Да жива ли я вправду? Только от боли очнусь, снова зову и кричу… Нет тебя – нет надежды. Ты убиваешь меня. Если бы я вверила свою жизнь варвару, скифу, мне не было бы хуже. Я угодила в беду. Приди де скорее, посмотри на меня, скажи хоть слово!
Неужели ты задумал меня бросить?.. буквы в слезах расплясываются, пальцы дрожат и не могут ровную строчку вести… Я угодила в беду. Я одна. Мечусь по дому туда и сюда… То сижу, уставясь на порог, то к постели твоей подойду и подушку твою трогаю смятую. Кажется мне, что она еще хранит твое тепло…
День мне не мил, и всю горькую ночь я глаз не смыкаю, к изголовью ласковый сон не летит. Светит луна, выхожу на дорогу (при свете дня я на улицу глаз не могу показать). По дому хожу, по саду, по комнатам. Что мне дом? Что сад с голубыми цветами? Что мне сокровища – ты был сокровищем в нем.

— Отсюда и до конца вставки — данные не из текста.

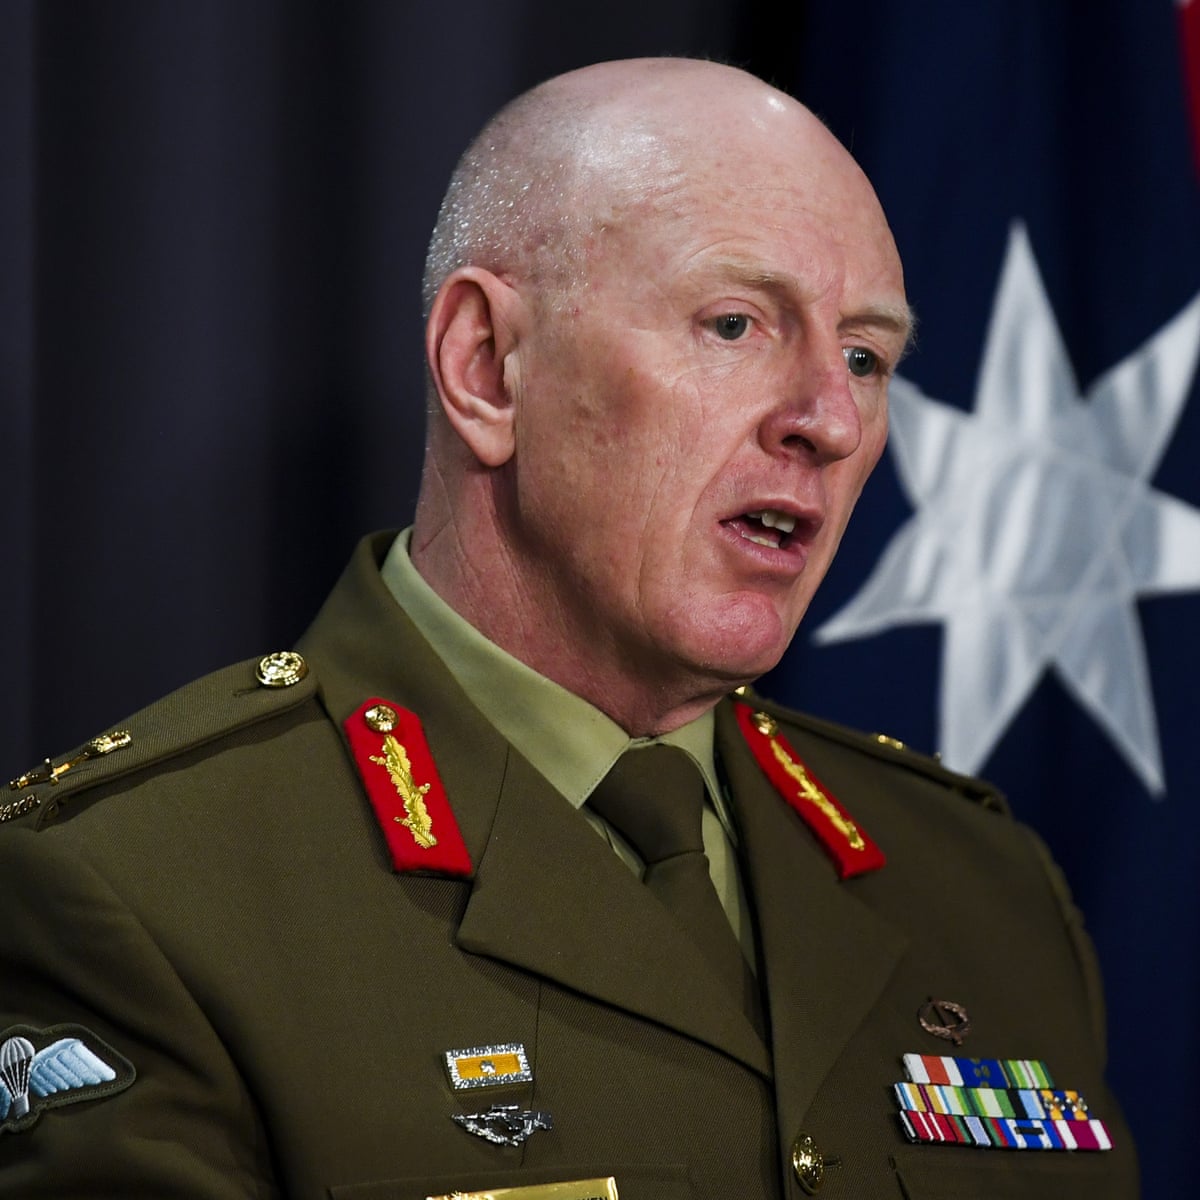 General confusion: who is John Frewen, and is his role in Australia's vaccine rollout? | Australian military | The Guardian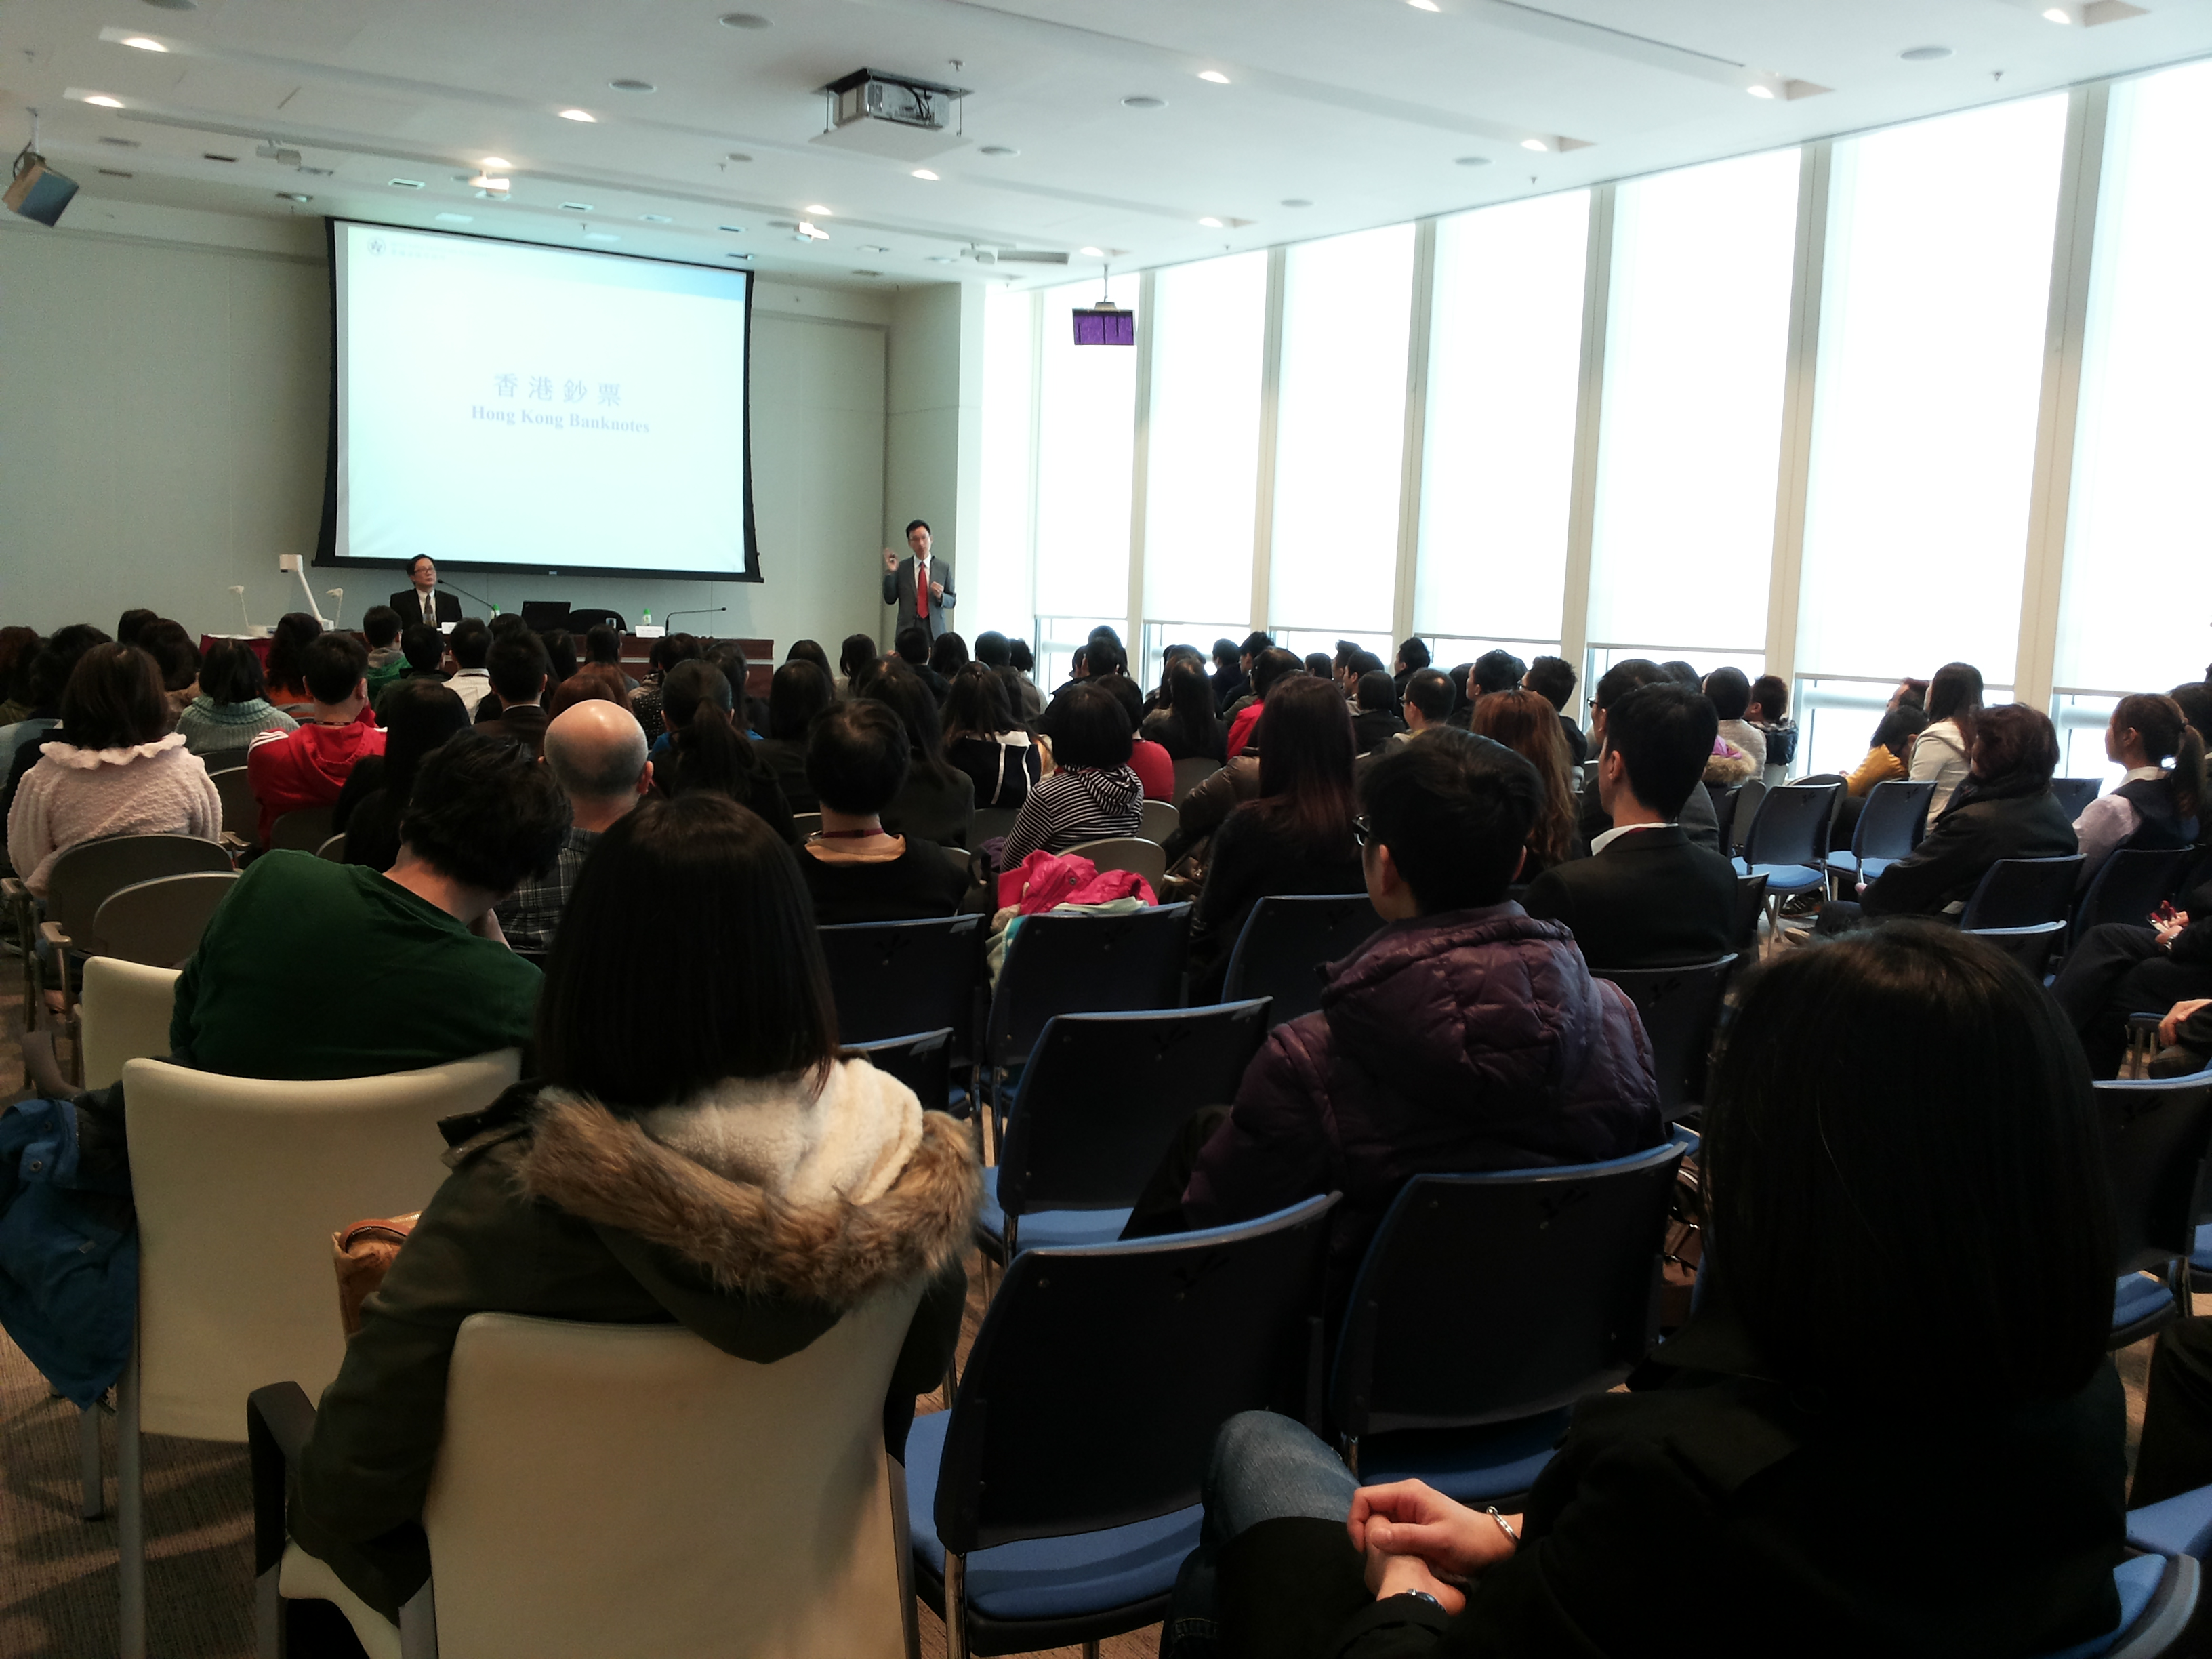 In the past two weeks, the HKMA and the Police organised 15 seminars on identifying counterfeit notes. Some 3,000 people have attended these seminars. Apart from banking staff, the HKMA also invited employees of large retail business and catering operators to attend to help strengthen their ability to detect counterfeit notes.

Грубое платье на мне, самоцветных камней нет на пальцах, золота нет в волосах, и духами земли аравийской больше не пахнут они. Что наряжаться? Кому я хочу приглянуться? Я без тревоги жила, боли такой не ждала. Я угодила в беду. Муж бессердечный бросил меня и скитаться пошел. Что ж, отдай меня претору. Цензору римскому. Есть и Солон, он возьмет меня, чтобы продать…
Что же мне делать? Как быть мне одной? Деться куда мне, скажи? Земляки от меня отвернулись, друзья не приходят… Всеми покинута, все здесь чужие, и ты оказался чужим. Все против меня в этом городе: римляне, греки, жены, мужья, Цезарь, Закон и ты – муж мой.
Я одна, всеми покинута. Только бы мне не попасть за ограду, где проказа, болезни и смерть… Я угодила в беду. Нет защитника. Людям не верю – ранили раз, и с тех пор чужеземцев боюсь. Заплакала я и поняла, что меня ожидает, стали понятны мне муки всех женщин покинутых. Поймешь и ты когда-нибудь и закричишь»… 

19.НЕУГОДНАЯ СУДЬБА
(Последняя встреча)

Радостным и освобожденным возвращался Публий в Греческий квартал. Как давно он не был на этой улочке, как давно не видел гречанку. Но вот кончилась «одиссея», исполнен долг дружбы, не посрамил себя перед женщинами, много песен написано новых – он смело глядит в лица встречным. Сам перед собою чист, силен и безупречен. И все ему завидуют: «Такая женщина зовет – цветы, кольцо и столько песен! И какая верность!» Все хотят видеть эллинку, провожают до самого моста. «Публий пошел к Коринне». Да, сегодня он покажет всем свою любовницу на состязании поэтов и прочитает похвальное слово.
В доме Коринны смятение. Ему обрадовались, но удерживают в прихожей. «Госпожа не готова… Госпожа будет рада…» И через час: «Госпожа тебя ожидает».
Публий вошел в спальню. О, боги! На широком ложе, под пологом пурпурным какая-то женщина чужая, в чем-то странном одета. Одна рука подпирает томно голову, закутанную, наподобие азиатского тюрбана, другая – держит чашу. Глаза опущены, чуть скошены в его сторону. Она обижена и холодна.
- Как поживаешь?
Публий вздрогнул, услыхав собственный голос, оглянулся – попугай, безмятежно ковыряя лапкой клюв, повторял приветствие.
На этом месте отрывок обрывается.